Чачков с трудом сохранил серьезный вид; Пушкин закусил губу, чтобы не прыснуть со смеху.
— К вам, Василий Васильич, как к первому нашему начальнику ныне, обращаюсь с убедительной просьбой, — ожесточенно продолжал Золотарев. — Немедля составьте протокол о случившемся и отрапортуйте его сиятельству господину министру…
— Все потихонечку-полегонечку, почтеннейший мой, — старался угомонить его надзиратель. — Стоит ли беспокоить графа из-за такого пустяка?
— Из-за пустяка! Нет-с, милостивый государь, пирог сам по себе, может, и пустяк, но коли он обращен в смертоносное орудие…
Пушкин не мог уже удержаться от давившего его хохота.
— Вот-вот, изволите видеть! — еще пуще закипятился эконом. — Господин Пушкин тоже зубоскалит!
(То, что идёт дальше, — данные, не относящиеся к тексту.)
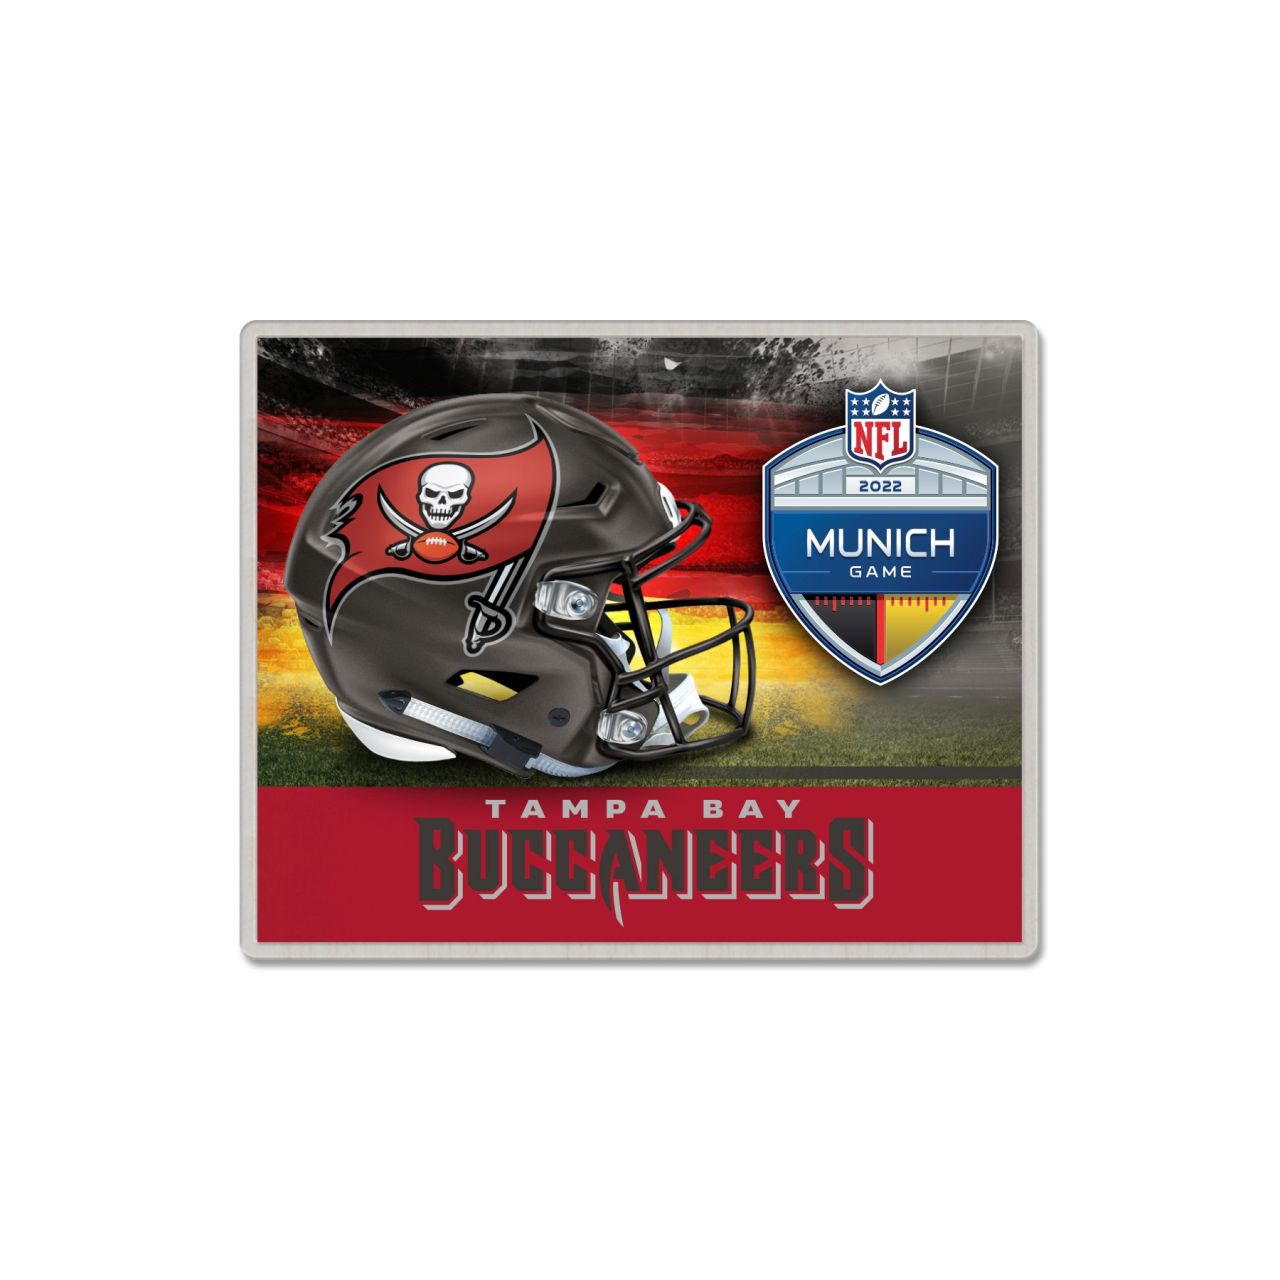 NFL Pin Badge Anstecknadel - NFL MUNICH Tampa Bay Buccaneers von WinCraft
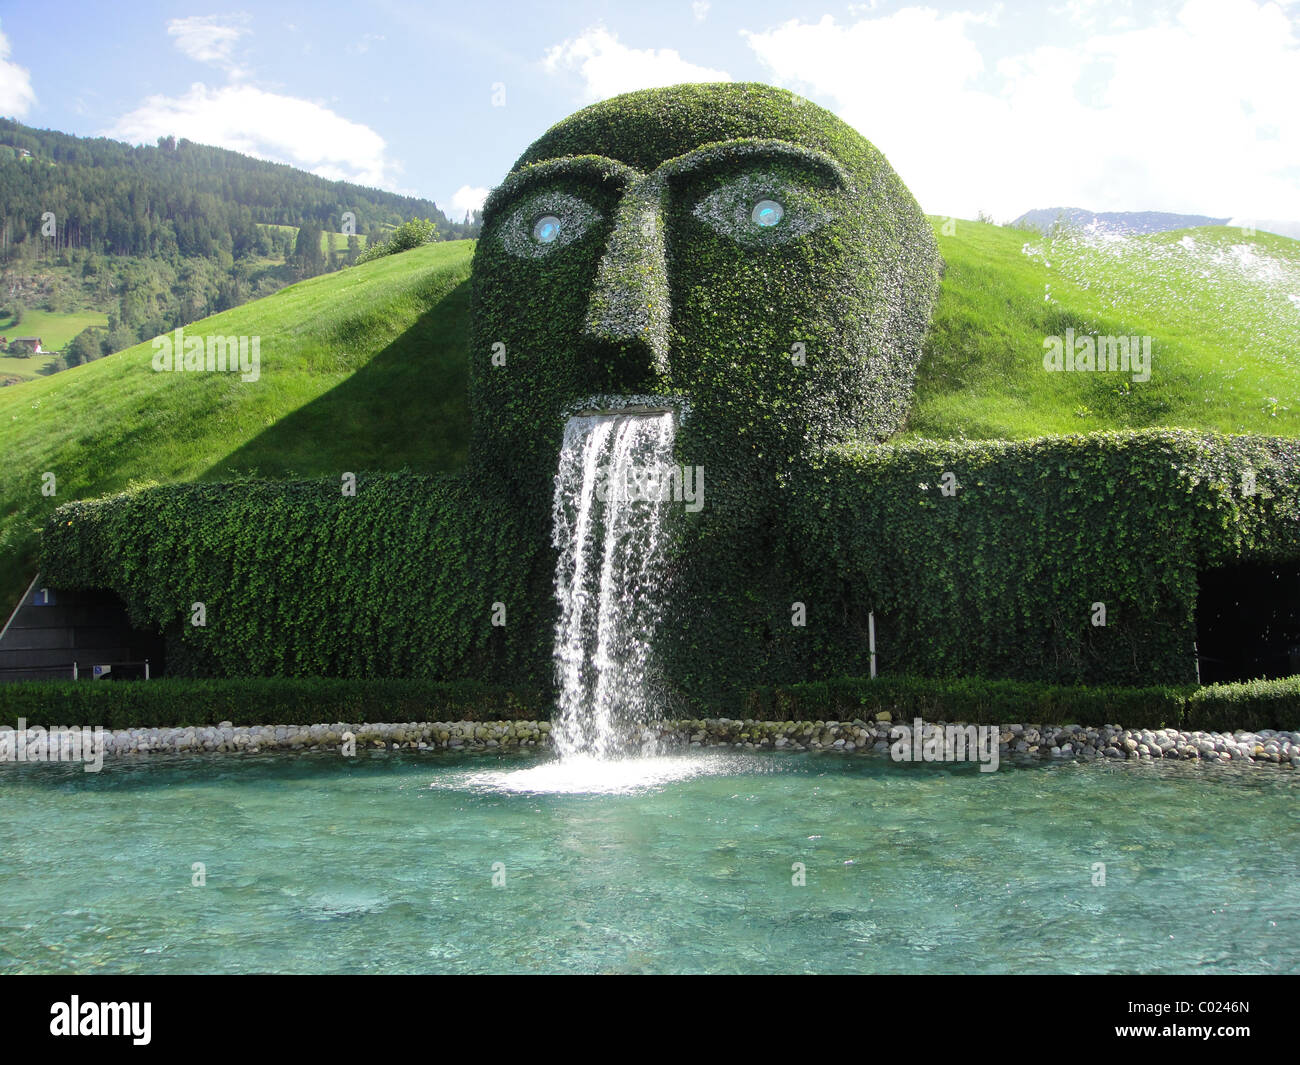 Gesicht-Wasserfall in Swarovski Kristall Welt Österreich Stockfotografie -  Alamy

Нет, я вас всенижайше умоляю, сударь мой, формально отписать все как есть…
Чачков взял расходившегося «коллегу» за округлую его талию.
— Написать не трудно-с, — мягко заговорил он, — но, донося одно, мы не вправе умолчать и о другом: что при предшественнике вашем, Леонтии Карловиче Эйлере, внуке знаменитого нашего астронома, воспитанники не могли нахвалиться продовольствием; в короткое же время вашего управления хозяйством — это второй уже случай…
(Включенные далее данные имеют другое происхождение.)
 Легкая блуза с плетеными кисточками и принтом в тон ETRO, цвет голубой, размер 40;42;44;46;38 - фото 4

— Да уж это по вашей канцелярской части расписать дело так, чтобы ни сучка, ни задоринки, — возразил тоном ниже Золотарев. — Мне главное: чтобы нам дали наконец заправского главу, который забрал бы этих сорванцов в ежовые рукавицы. А первых зачинщиков, графа Броглио да Пущина, я просил бы вас ныне же заключить под замок.
— Бросьте уж их! — сказал Чачков. — У обоих большие, знаете, связи… Пушкин вот кстати отсидит за всех. Отсидите, голубчик?
— С удовольствием! — был ответ.
— Слышите: "с удовольствием". Примерный друг и товарищ! На, а в рапорте нашем его сиятельству Алексею Кирилловичу мы только глухо отпишем, что так, мол, и так: без постоянного директора с молодежью нашей просто сладу нет.